◆ DIRECTIONS: Word for word, restate the listing that follows and leave out the images.

-------- DATA SECTION

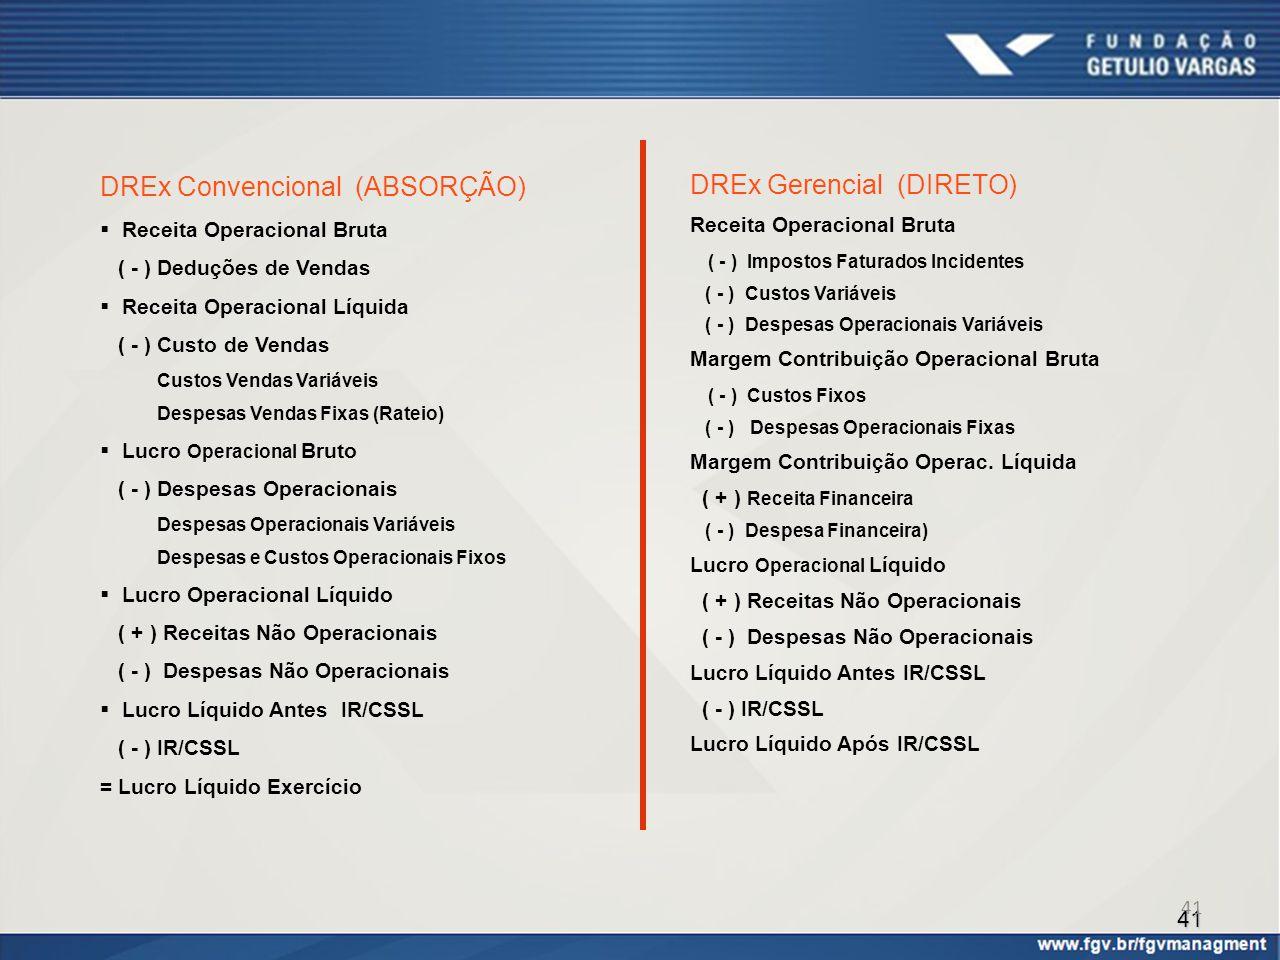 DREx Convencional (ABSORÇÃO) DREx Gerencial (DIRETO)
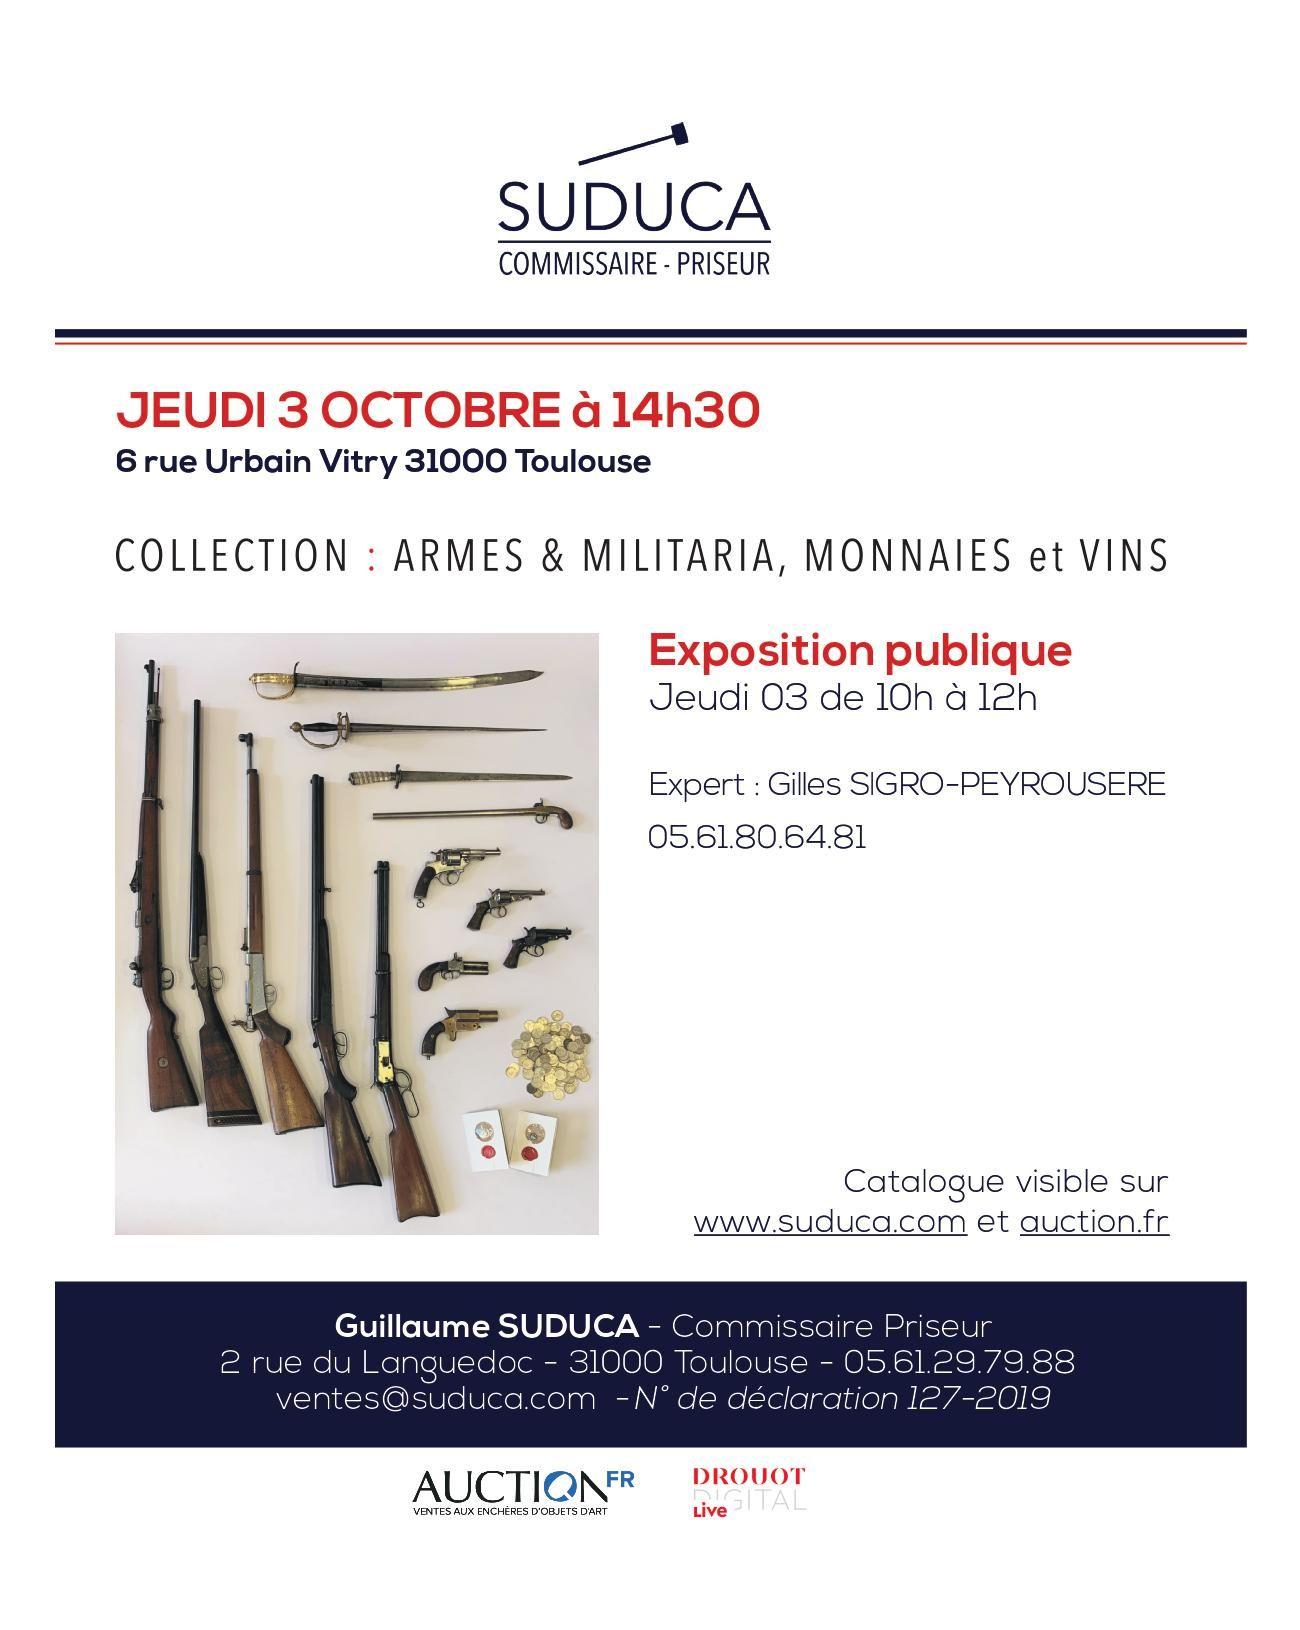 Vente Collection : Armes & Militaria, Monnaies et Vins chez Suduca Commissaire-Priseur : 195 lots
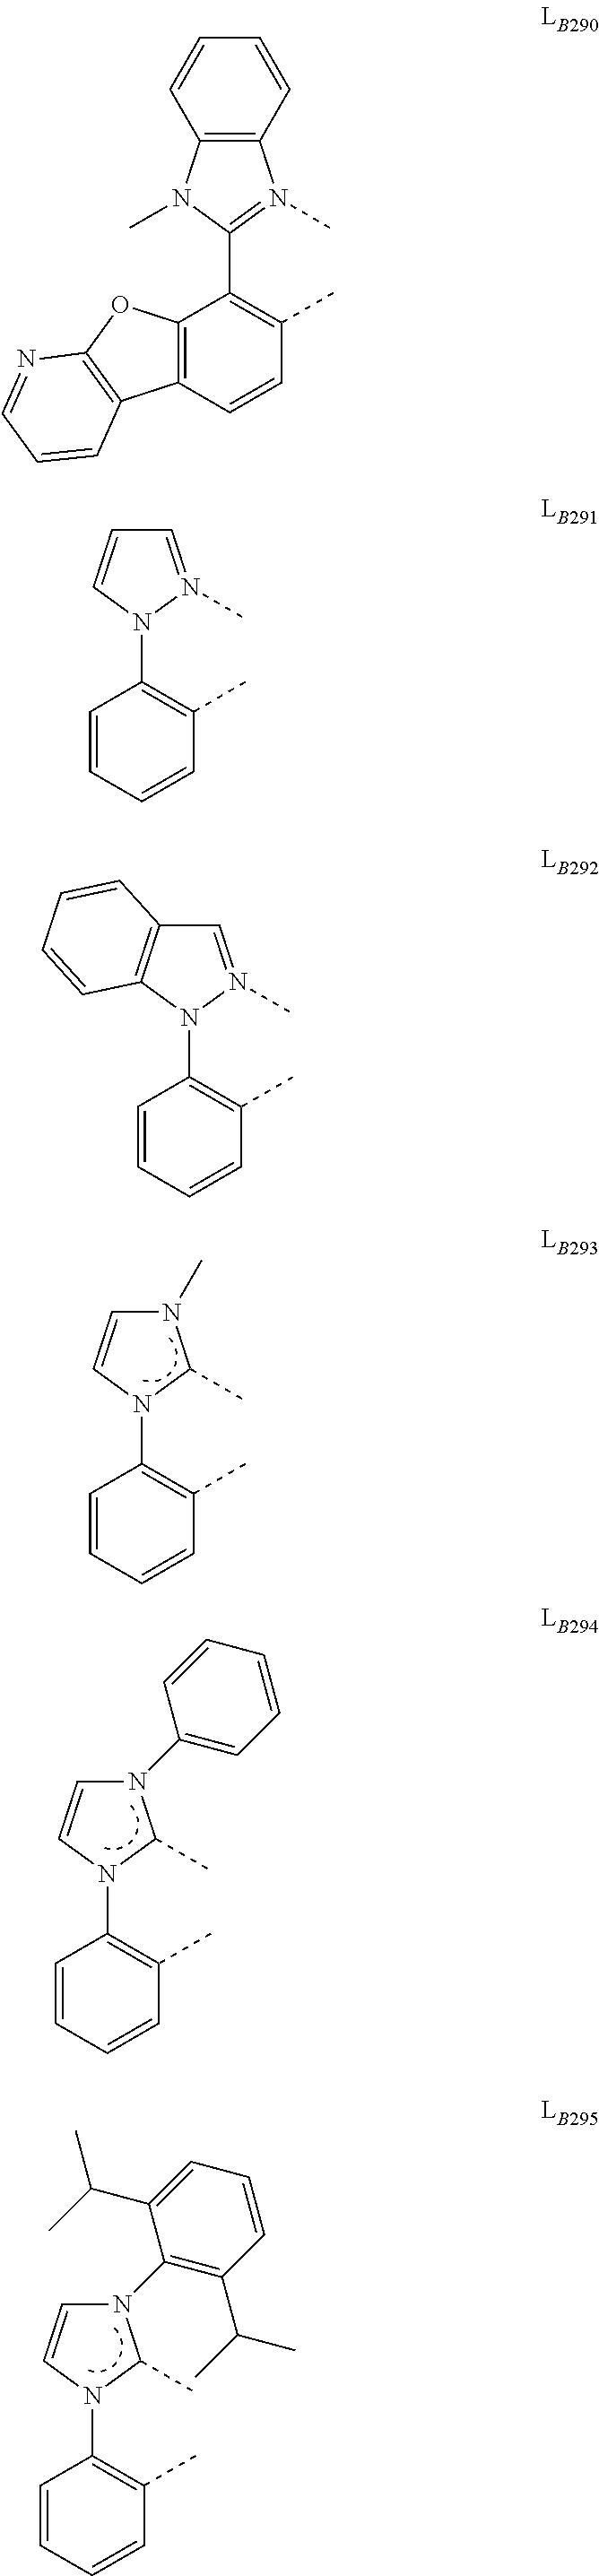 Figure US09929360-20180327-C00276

----------------

◆ OUTPUT OF THE EXERCISE:
 DREx Convencional (ABSORÇÃO) DREx Gerencial (DIRETO)
 Vente Collection : Armes & Militaria, Monnaies et Vins chez Suduca Commissaire-Priseur : 195 lots
 Figure US09929360-20180327-C00276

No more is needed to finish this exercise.